April 2021
Priscilla Melchior
priscilla.melchior@gmail.com
priscilla.melchior@gmail.com
Bio Note: I am a retired community newspaper journalist living in the mountains of Virginia with
my husband and two border collies. I’ve been published in, among others, the North Carolina Literary Review,
on literary websites such as Streetlight.org and The Ekphrastic Reveiew, and won several awards
from the Poetry Society of Virginia. Though I am well past retirement age, I am a relatively young poet, having
just begun about eight years ago.
Circumlocution
I’m no student of Latin but I am sure that, buried deep in the tombs of that dead tongue, are heretofore unknown classifications of words that make onomatopoeia shut its vowelly mouth to jingle, boom and clang no more.

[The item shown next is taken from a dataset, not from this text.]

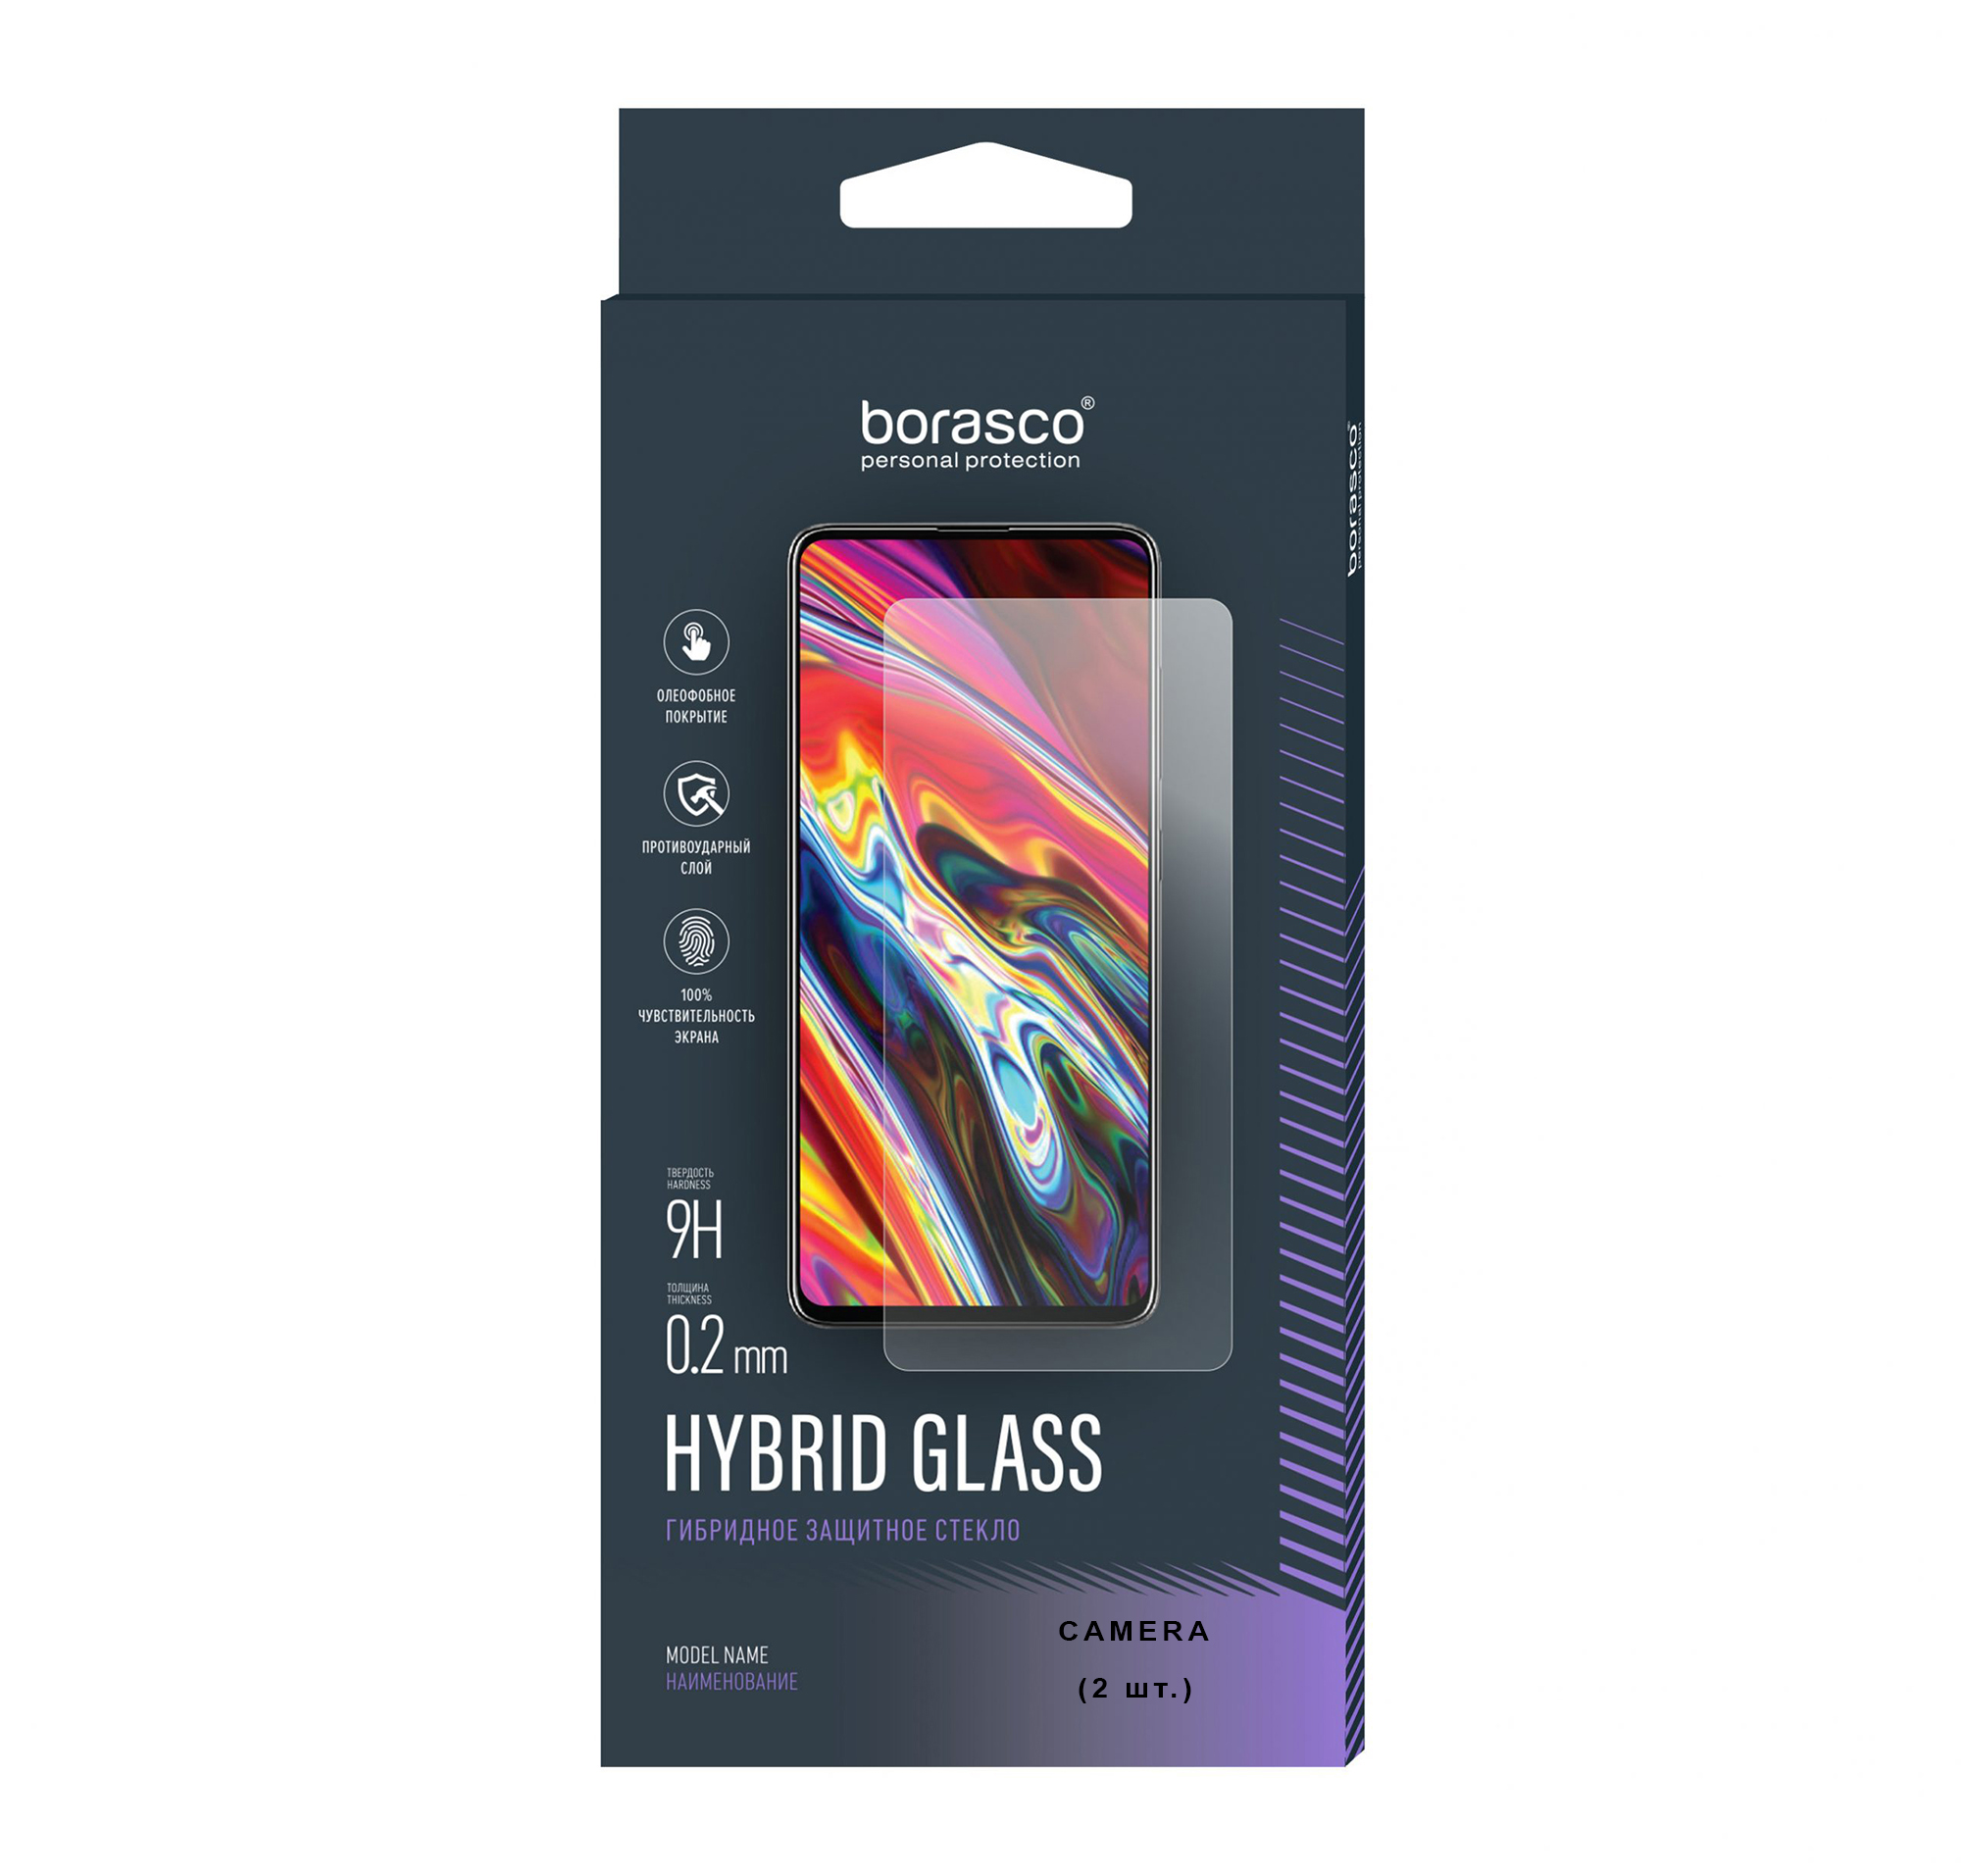 Защитное стекло (Экран+Камера) Hybrid Glass для Apple Iphone 7 Plus/ 8Plus защитное стекло для apple iphone 7 8 plus low cost

Consider, for instance, those which contain the seeds of what they actually mean, like benign, which sprouted its own curling, silent tumor, the g, for no medically etymological reason — or aggressive, which attacks with double-barrel consonants proving that Mr. G is not really harmless at all. Then there are words that look like what they are, a visual category, if you will: parallel or (Avert your eyes!) boob. Even church. I was told as a child that the word is what it is: u.r. in church. See the steeples on either end? I lie in bed at night and think of these things, linguistic lullabies, misdirections from words I want to forget: Cancer. Death. War. I search for dreams in darkness, escape into the melody of language. Anaphora, anaphora, anaphora. Amen.